– Деньги? – переспросила я, переводя взгляд с одного на другого. – Какие деньги?
Андреас, прищурившись, посмотрел на меня.
– Я потратил их все на билеты первого класса на этот пароход. Наш славный хозяин так сожалел о Лизель, что согласился дать приличную сумму на надгробие. Она мертва и не стала бы возражать, что я использую эти деньги, чтобы отомстить за нее. Видите? – Он на мгновение ослабил гарроту. – Теперь у меня руки замараны, босс.
– О Андреас. – Мефистофель медленно покачал головой. – Я никогда не имел в виду… Не в этом смысл моей истории. Я говорил о том, что лучшая месть – это жить хорошо. А насчет замаранных рук – это просто сценические байки. Ничего буквального. Мои руки обычно перепачканы машинным маслом, когда я мастерю новые механизмы. А не кровью невинных.
– «Невинных»? Разве вы не слышали? Ни один из них не был невинным! – Андреас покачал головой. – В каком мире я жил, когда убили мою любовь? Меня поддерживала только мысль о мести, заставить их заплатить. Мои руки замараны не более, чем у тех, кто пользуется хорошей репутацией в обществе. Сколько еще людей они погубили и тем не менее разгуливают на свободе? Сколько жизней разрушили из прихоти?
По толпе пронесся шепот. Из-за Томаса я забыла о публике, которая ловила каждое мгновение происходящего. Я сосредоточилась на двух вещах: ровном барабанном бое своего сердца и осознании того, что я тысячу раз брошусь в бой и тысячу раз умру, прежде чем позволю причинить малейший вред моей любви. Скоро Андреас разыграет свое эффектное представление, тем более что весь его план уже на виду.
– Но… вы же не убили тех мужчин, – сказала я, подбираясь ближе. – Вы убили их дочерей и миссис Прескотт.
Андреас мельком глянул на меня.
– Я нанес им удар в самое уязвимое место. Как только каждый из этих мужчин потеряет все, что любил, справедливость восторжествует. Оставить Прескотта и лорда Креншо в живых – это лучшая пытка для них. Пусть доживают свои дни в горе. Как они поступили со мной.
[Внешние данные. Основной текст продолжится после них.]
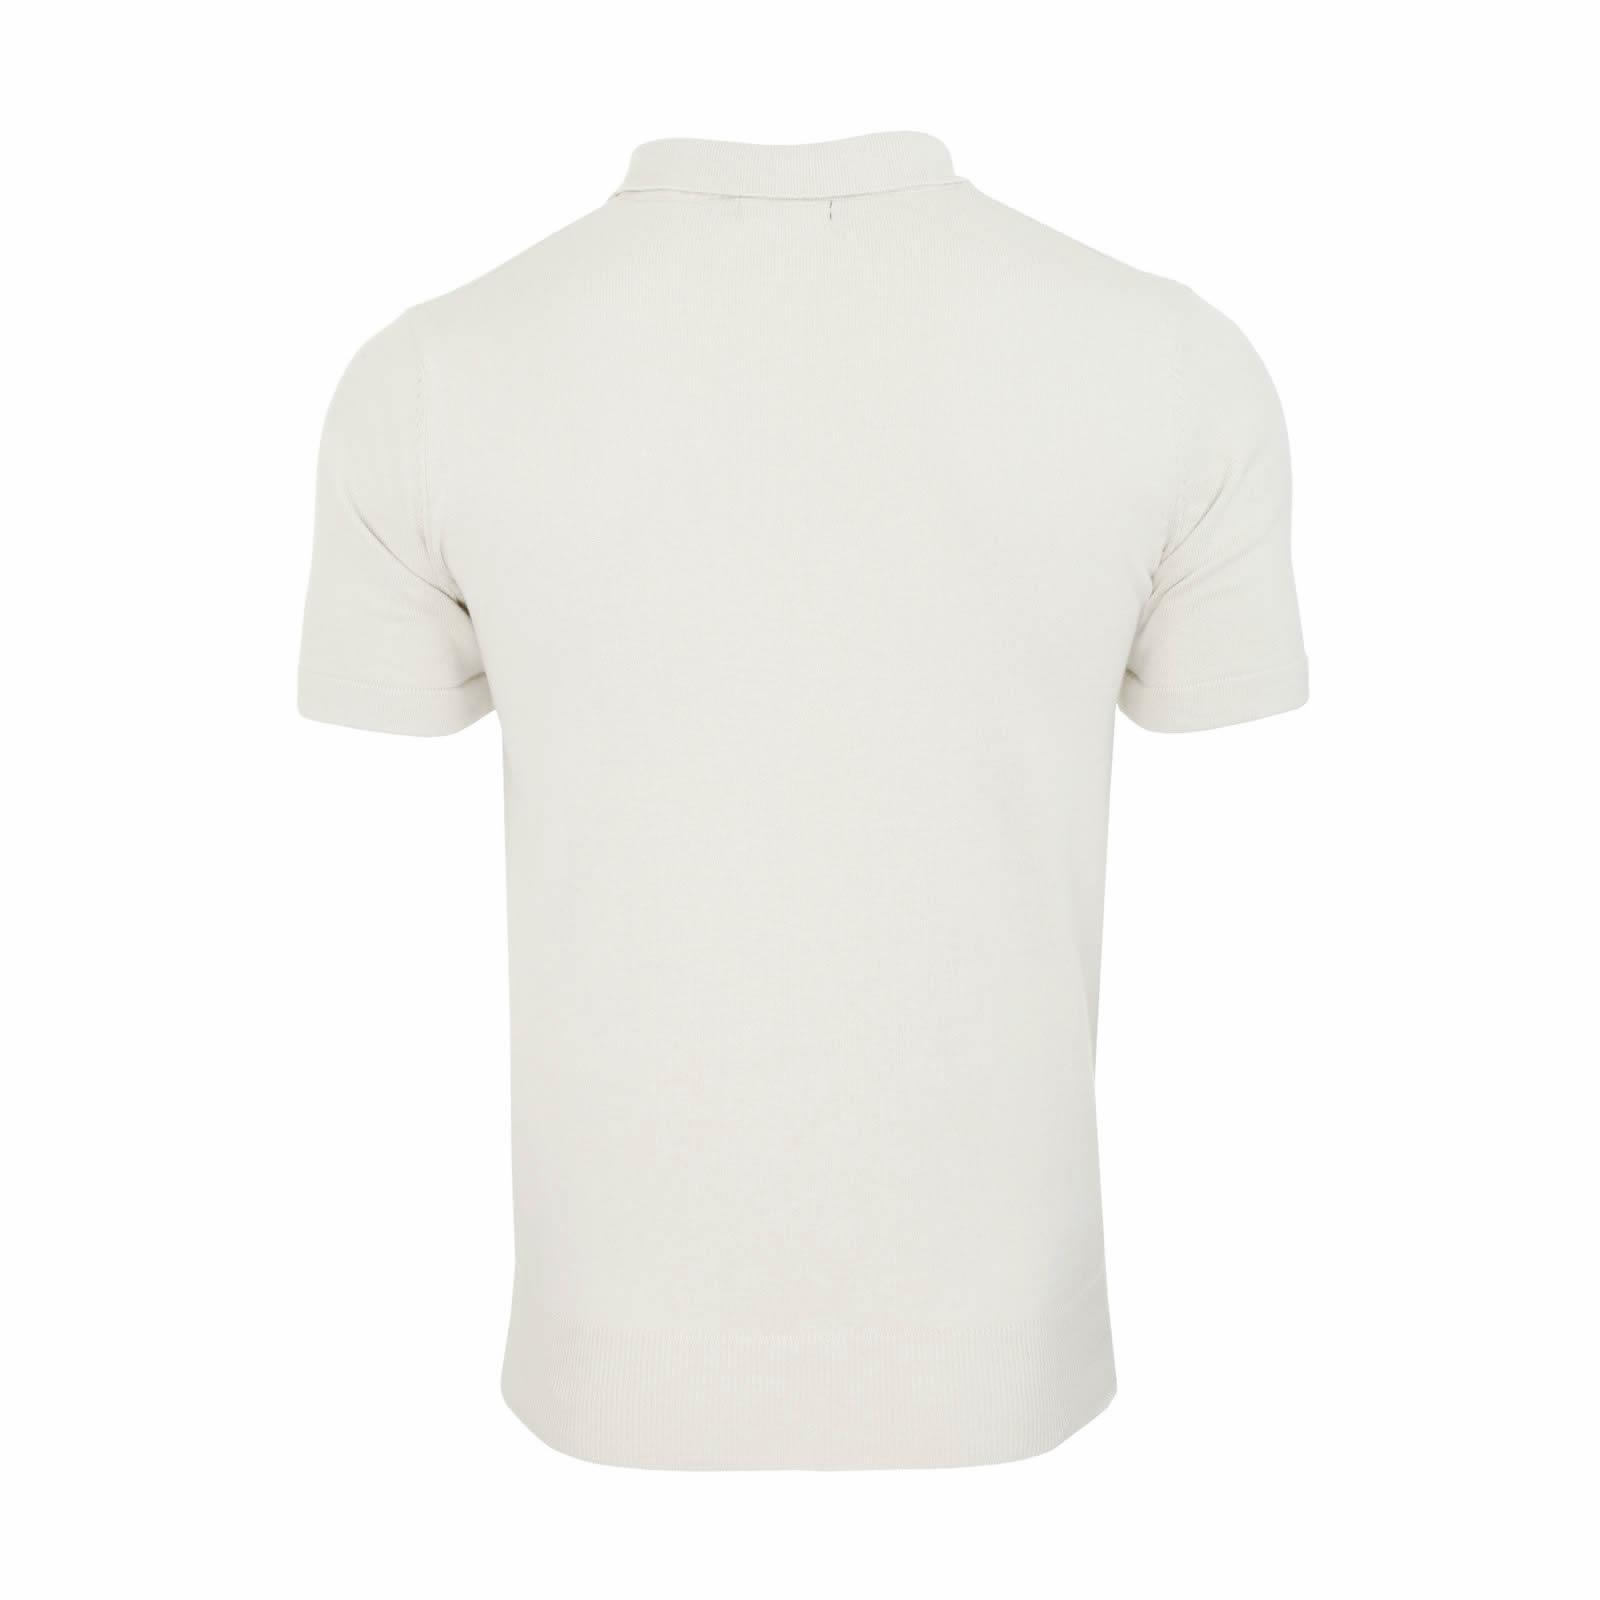 Mens-Knitted-Polo-Brave-Soul-Columbus-Collared-Short-Sleeve-Jumper-T-Shirt thumbnail 17
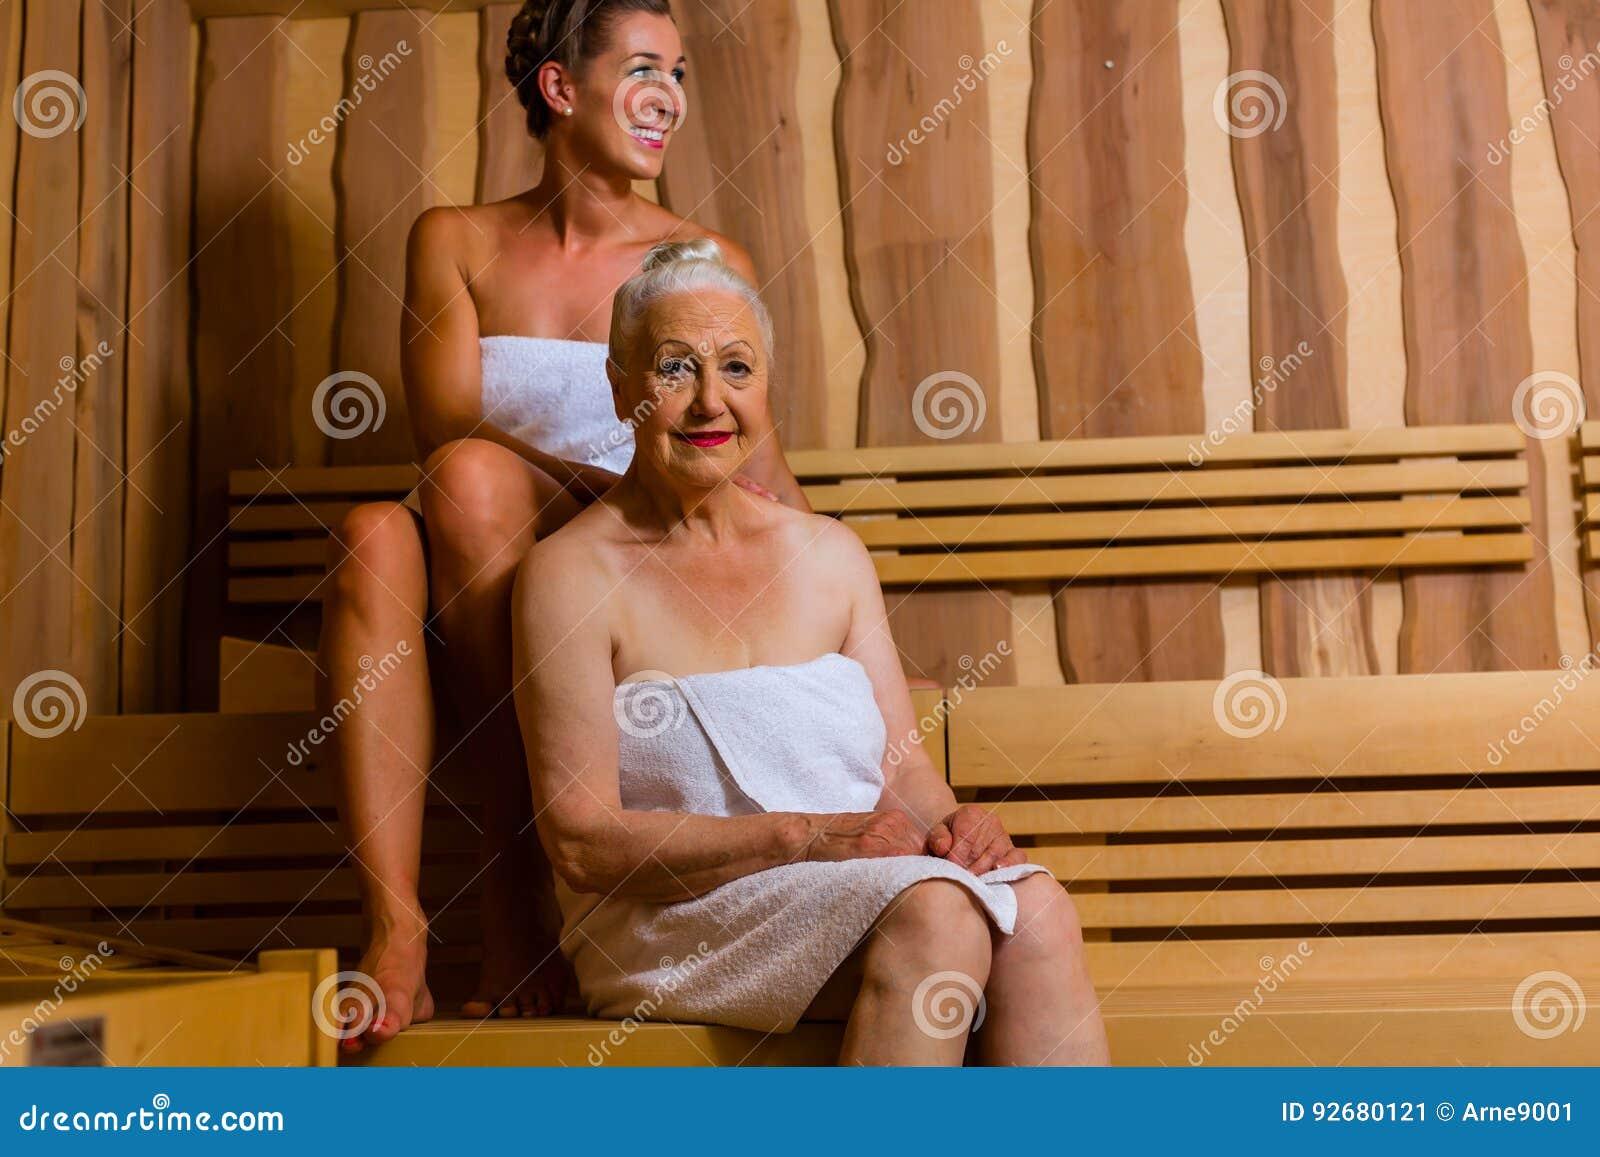 femme en chaleur

– Ты не можешь вершить правосудие своими руками, – произнес Мефистофель. – Ты должен был сообщить в уголовную полицию.
Андреас фыркнул.
– Если вы думаете, что они станут расследовать смерть бедной больной цветочницы из трущоб и бросят за решетку богачей, которые ее убили, то вы такой же, как они. Правосудие служит только влиятельным, и это на самом деле не правосудие, правда?
Томас закатил глаза и начал оседать. Зрители ахнули, я невольно шагнула вперед и остановилась по приказу Андреаса. Меня переполняли боль и отчаяние.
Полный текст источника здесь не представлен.